MATERIAL SUPPLIED:
-------

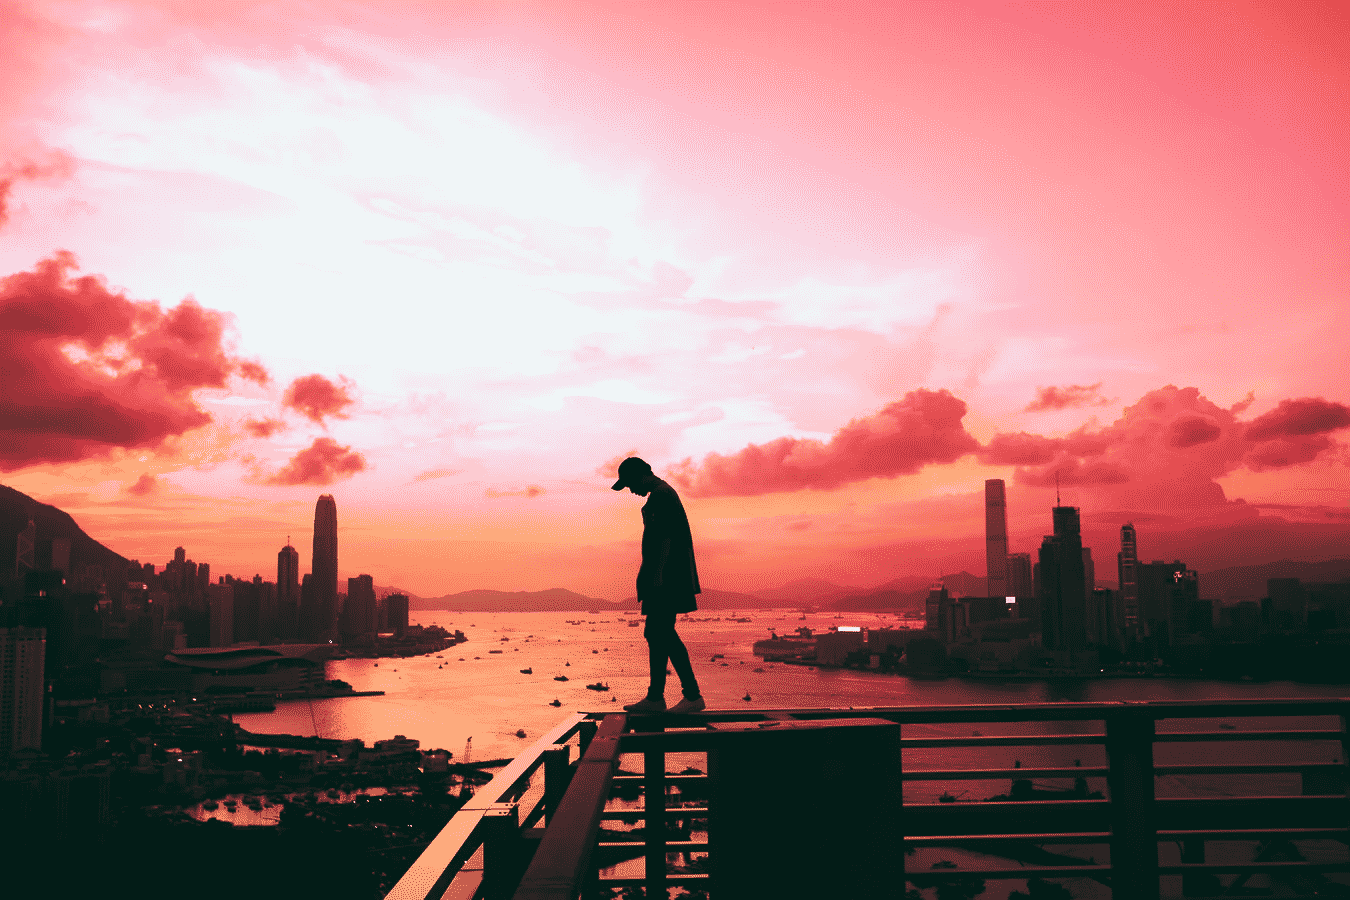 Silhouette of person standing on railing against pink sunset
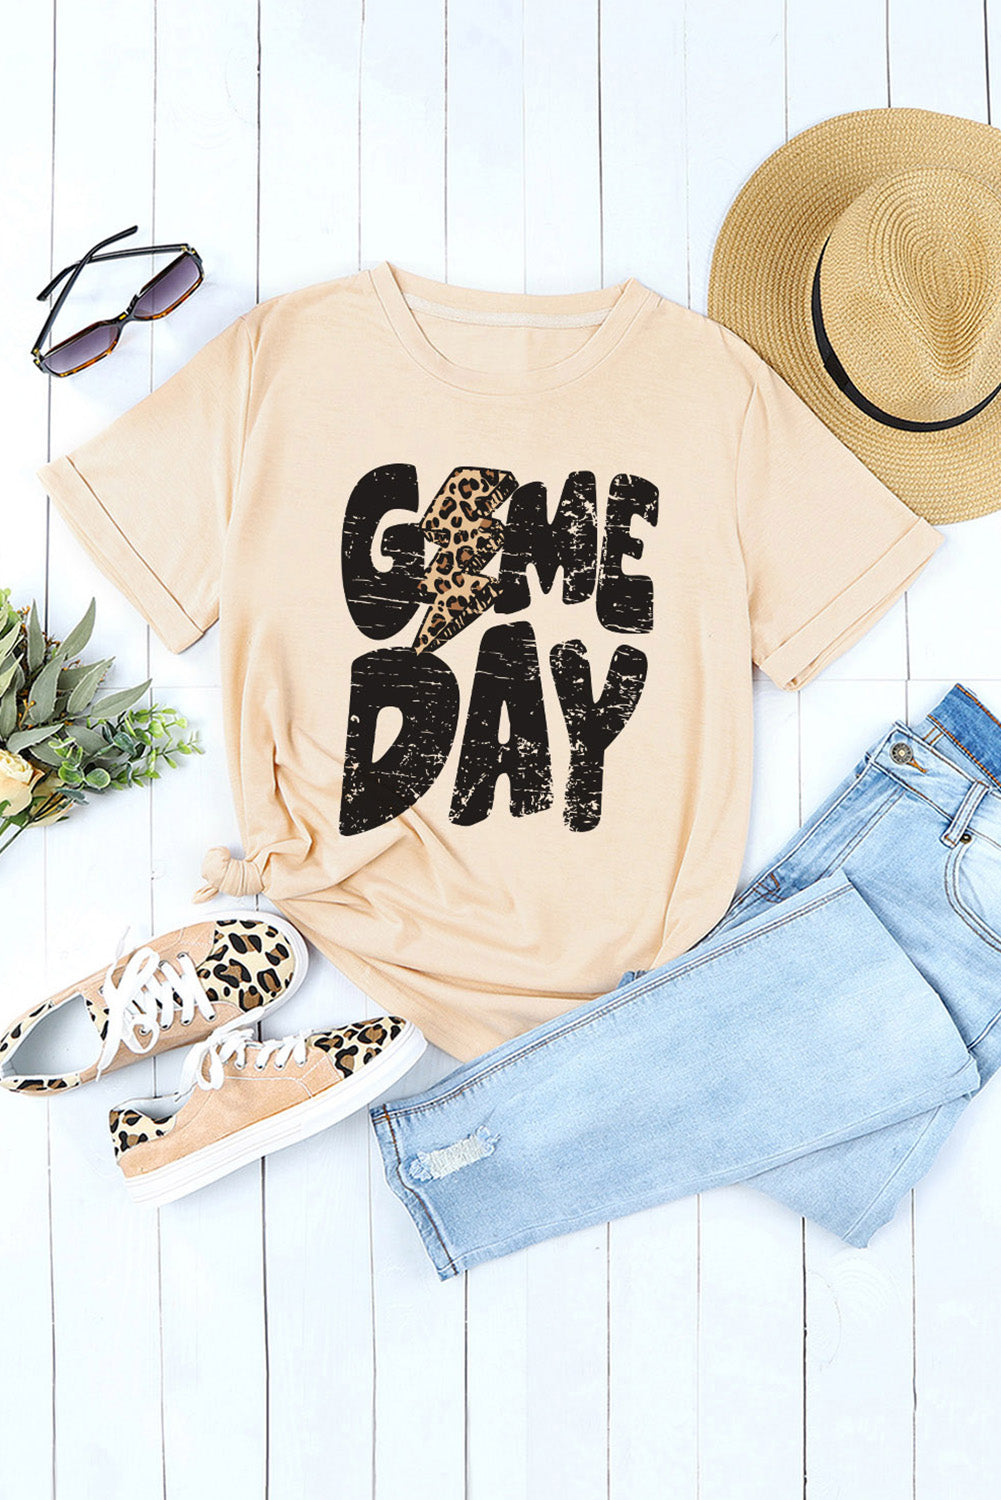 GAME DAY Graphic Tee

-------

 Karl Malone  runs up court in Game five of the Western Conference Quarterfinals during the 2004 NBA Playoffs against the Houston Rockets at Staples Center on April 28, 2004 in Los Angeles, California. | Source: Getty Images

-------

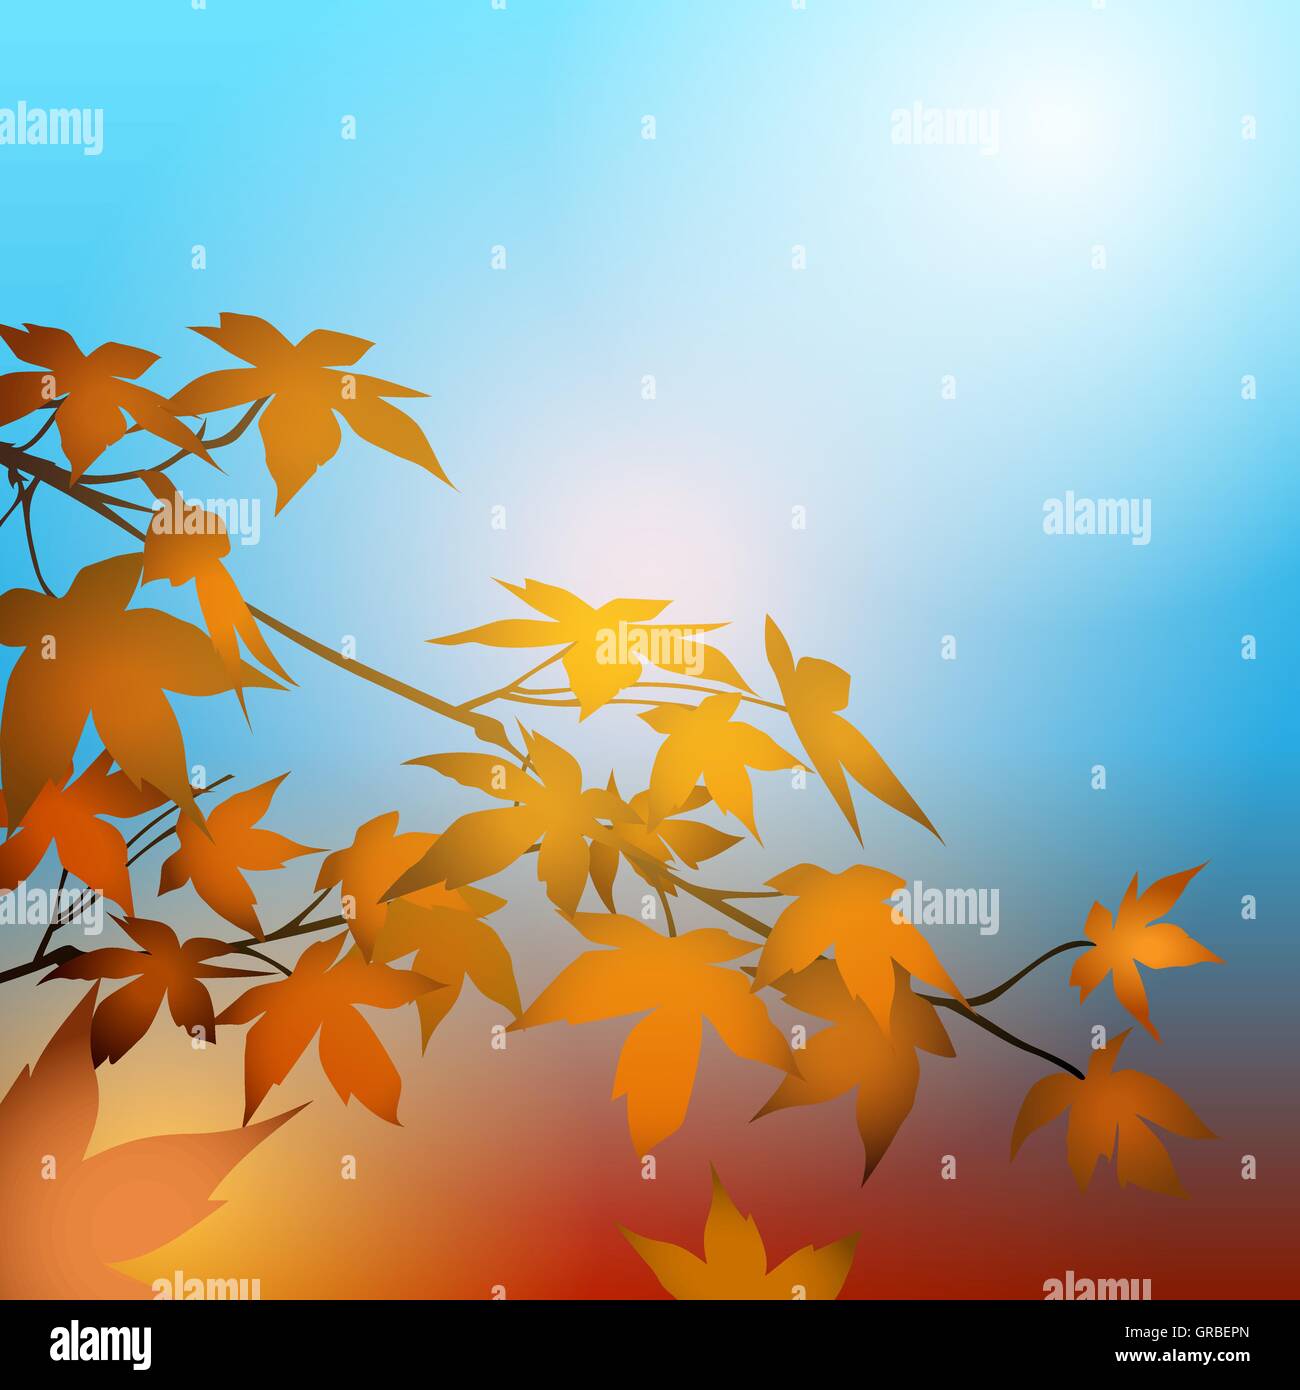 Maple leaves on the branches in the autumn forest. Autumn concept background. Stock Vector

-------

TASK DETAILS: Reproduce exactly the lines of the data above that run from the line with "Silhouette of person" down to the line with "GAME DAY Graphic Tee", both ends included. Pictures do not belong in the copy.

OUTPUT BELOW:
 Silhouette of person standing on railing against pink sunset
 GAME DAY Graphic Tee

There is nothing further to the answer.